How I Got Paid $50,000 For an Ass Tattoo

How I Got Paid $50,000 For an Ass Tattoo

On March 25th of 2021, Georgette Tsagaris (@gettelag) posted the following on

What came in the next 48 hours was a storm unlike anything the internet had ever seen. Andy Artz (@artz), Social Capital investor, inquired on @gettelag's post, asking if she wanted the cash in BitClout or USD.

It was around this time that BitClout Pulse reached out to me personally. They asked how much money it would take invested in my account to get a tattoo of their logo on my ass.

BitClout Pulse's Logo

Now, I'd like to tell you I thought long and hard about how much money it would take for me to get a brand on my ass... but that's unfortunately not the case. It took me a total of five seconds before "$50,000" was typed and sent. It was official: my ass had a market cap of $100,000.

Within minutes I got a DM from BitClout Pulse on their Discord:



We negotiated out a contract, and within a few hours I signed it - then, two installments of $25,000 from two investors were invested into my Creator Coin. Suddenly, my Wallet was worth over $50,000 in USD.

The next morning, I went to Rocket Tattoos in Chicago, and handed over the BitClout Pulse logo design. I explained to them my situation, and they were more than happy to help me brand my body. I won't spare you the details, but people say getting a tattoo on your butt hurts so badly... and they are completely right. Especially when it's in front of your girlfriend/new business partner.

Within half an hour, I had a 1"x 7" tattoo on my right ass cheek.

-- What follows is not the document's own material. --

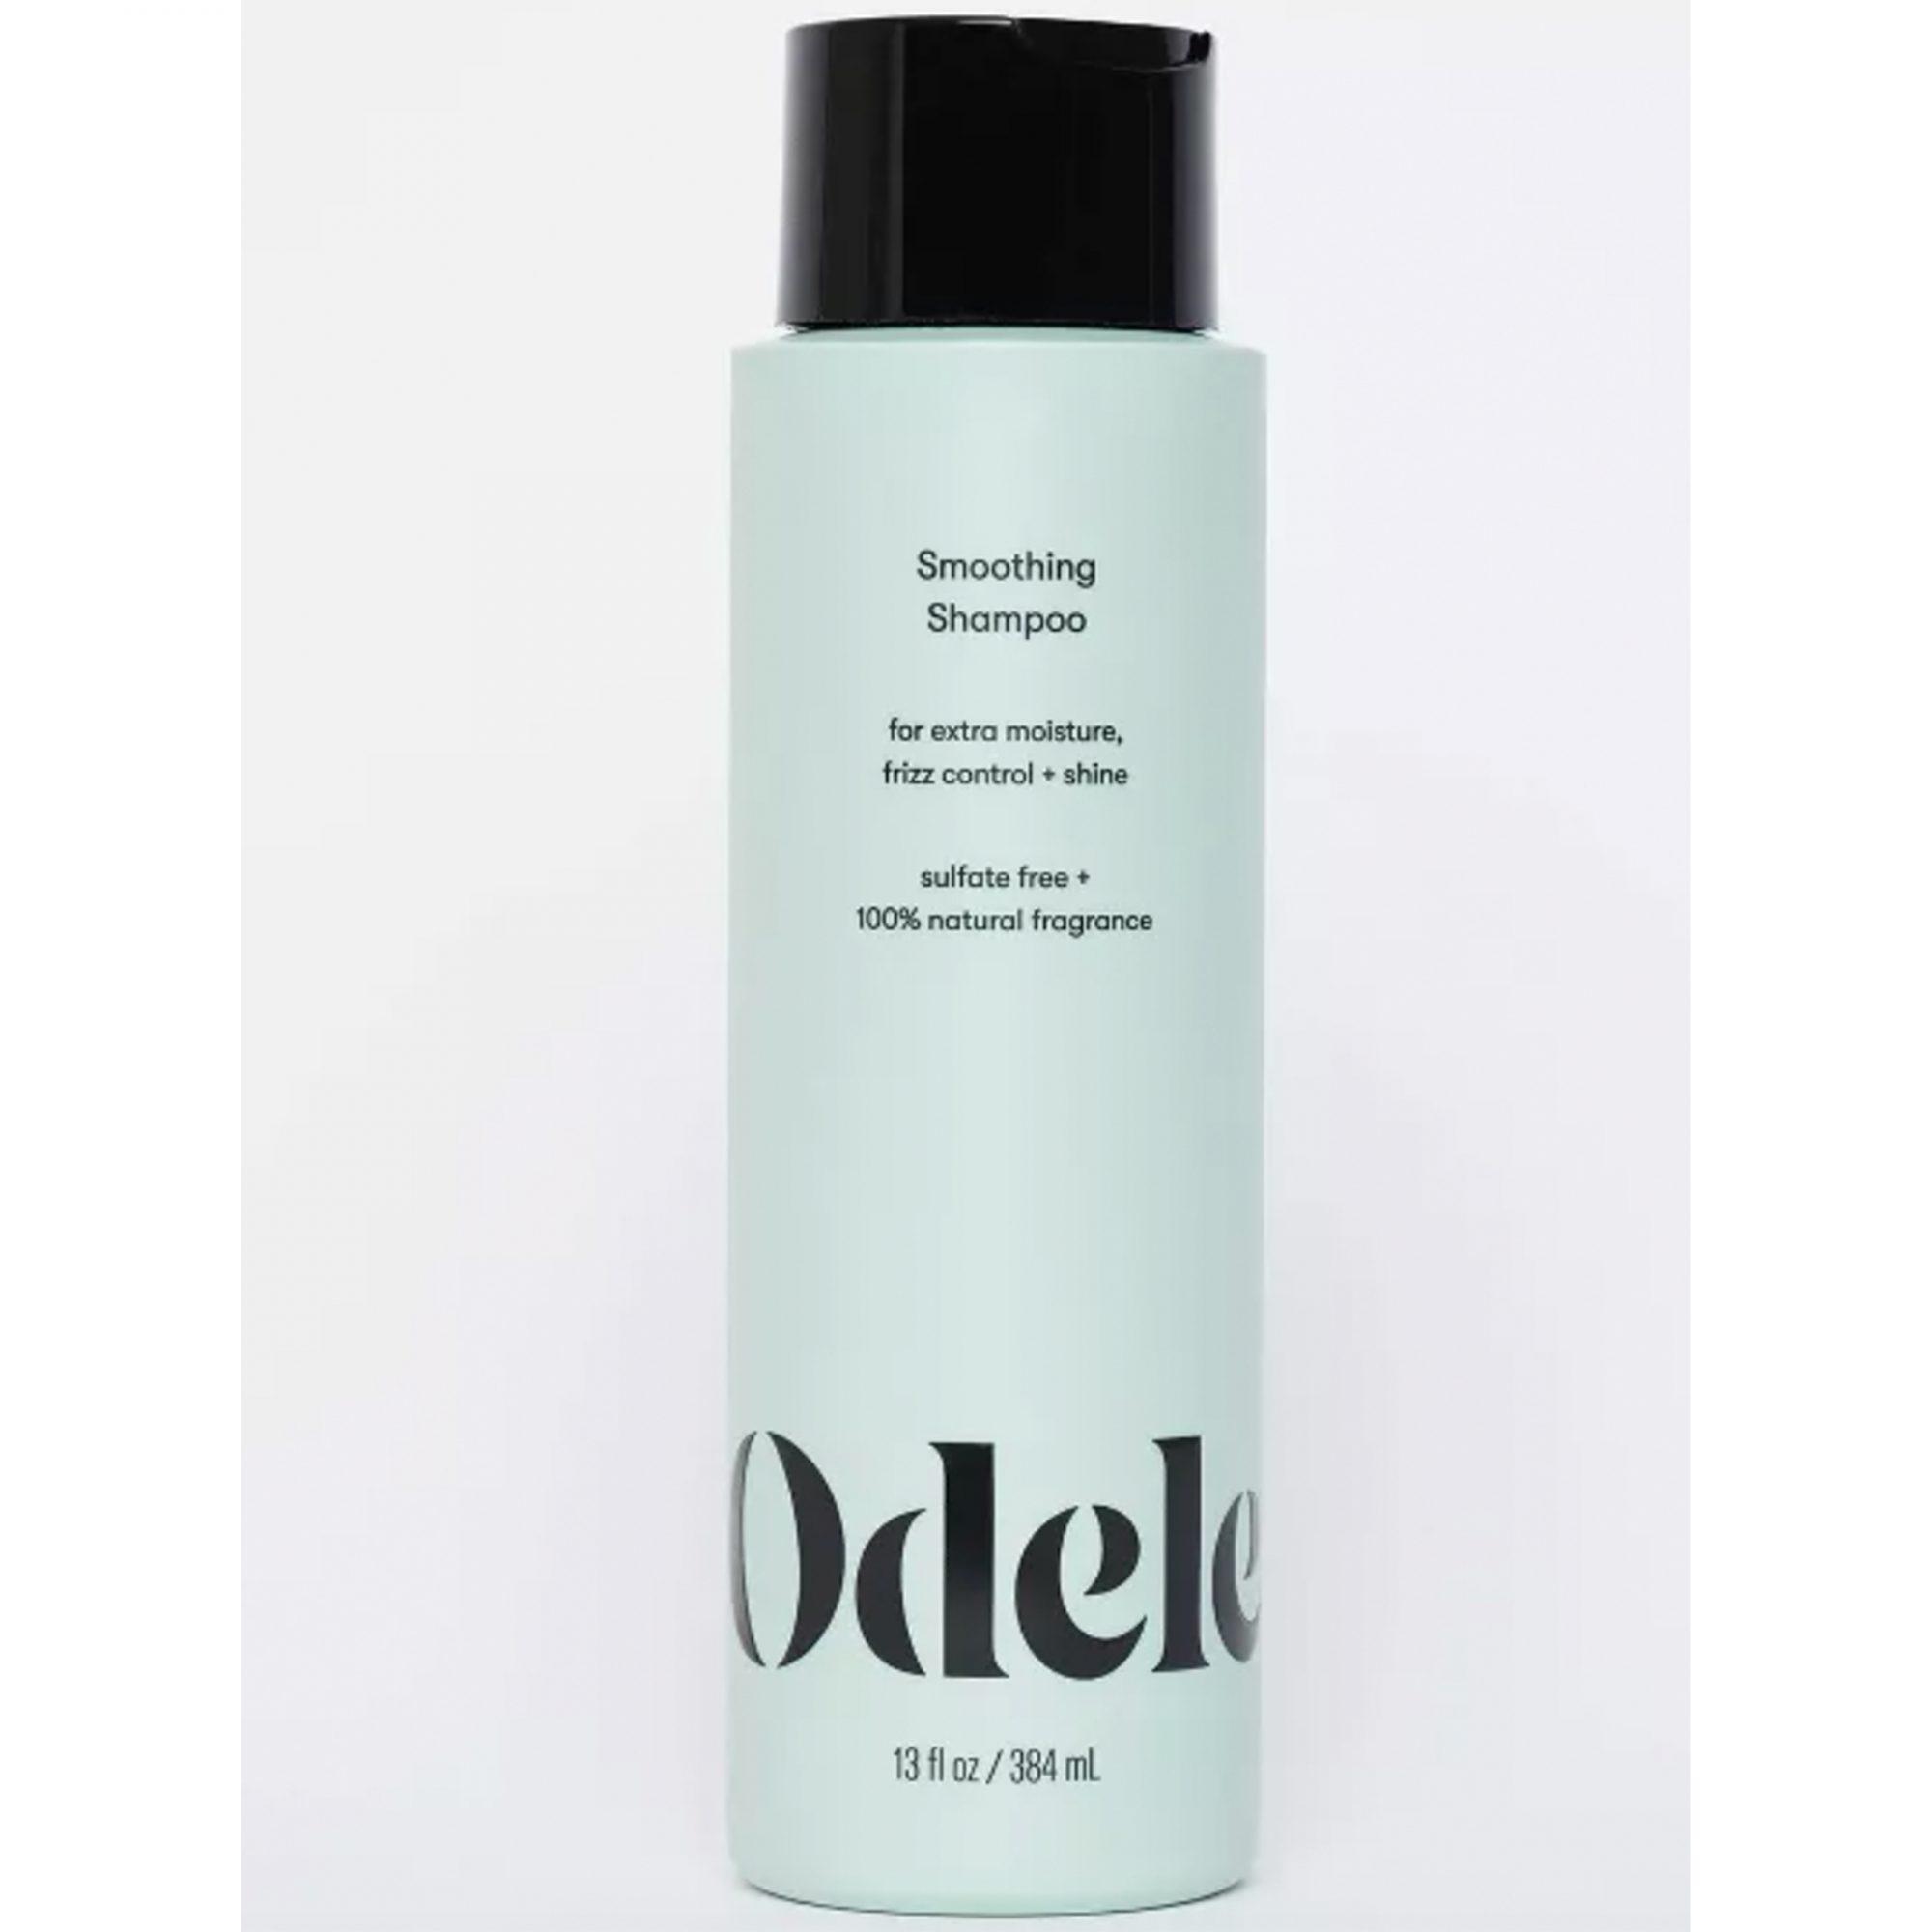 odele-smoothing-shampoo

Now I know - this sounds like a silly story about a stupid kid who decided to get a tattoo on a whim for $50,000. But there is so much more to BitClout than $50,000 tramp stamps. I did what I did not because I wanted to take the money and run, but because I wanted to prove the legitimacy of this platform. Because I believe in it. I wanted to show others that I was ready to fully support BitClout, and they need to ask themselves if they're ready too. So I posted this:

Ah yes... my bare ass. How do you think I feel?

Within minutes, I was receiving comments and kudos across the platform, as high-profile Silicon Valley investors admired my ass. This was the calling that the people needed. This was my Braveheart moment. I put my ass on the line (no pun intended), and boy, did it pay off. I saw my ass across all of BitClout, Twitter, and even on Instagram. Soon after, I was verified on BitClout, and I realized for the first time the gravity of my situation: I was the first BitClout influencer.

Now... I have no idea what that means, and most likely you don't either. But it means something, right? With a great ass comes great responsibility, and all that bullshit. But right now, I have an opportunity to turn BitClout into a worldwide phenomenon. I'd be an idiot to turn down that opportunity.

God help the clout-seeking influencers that will follow in my asssteps, all seeking to push the limits of their own bodies and dignity for more BitClout. Will there emerge a subculture of people with bodies like NASCAR vehicles? Masochistic millionaires hurting themselves for .0003765 coin? Naming your child after your top investor? The possibilities are endless!

But - no matter what the future may hold, I will go forth to the financial frontier with billion-dollar buns, a rear with a helluva ROI, a cash-flow-generating caboose, wearing my ass on my sleeve and turning my eyes toward the moon.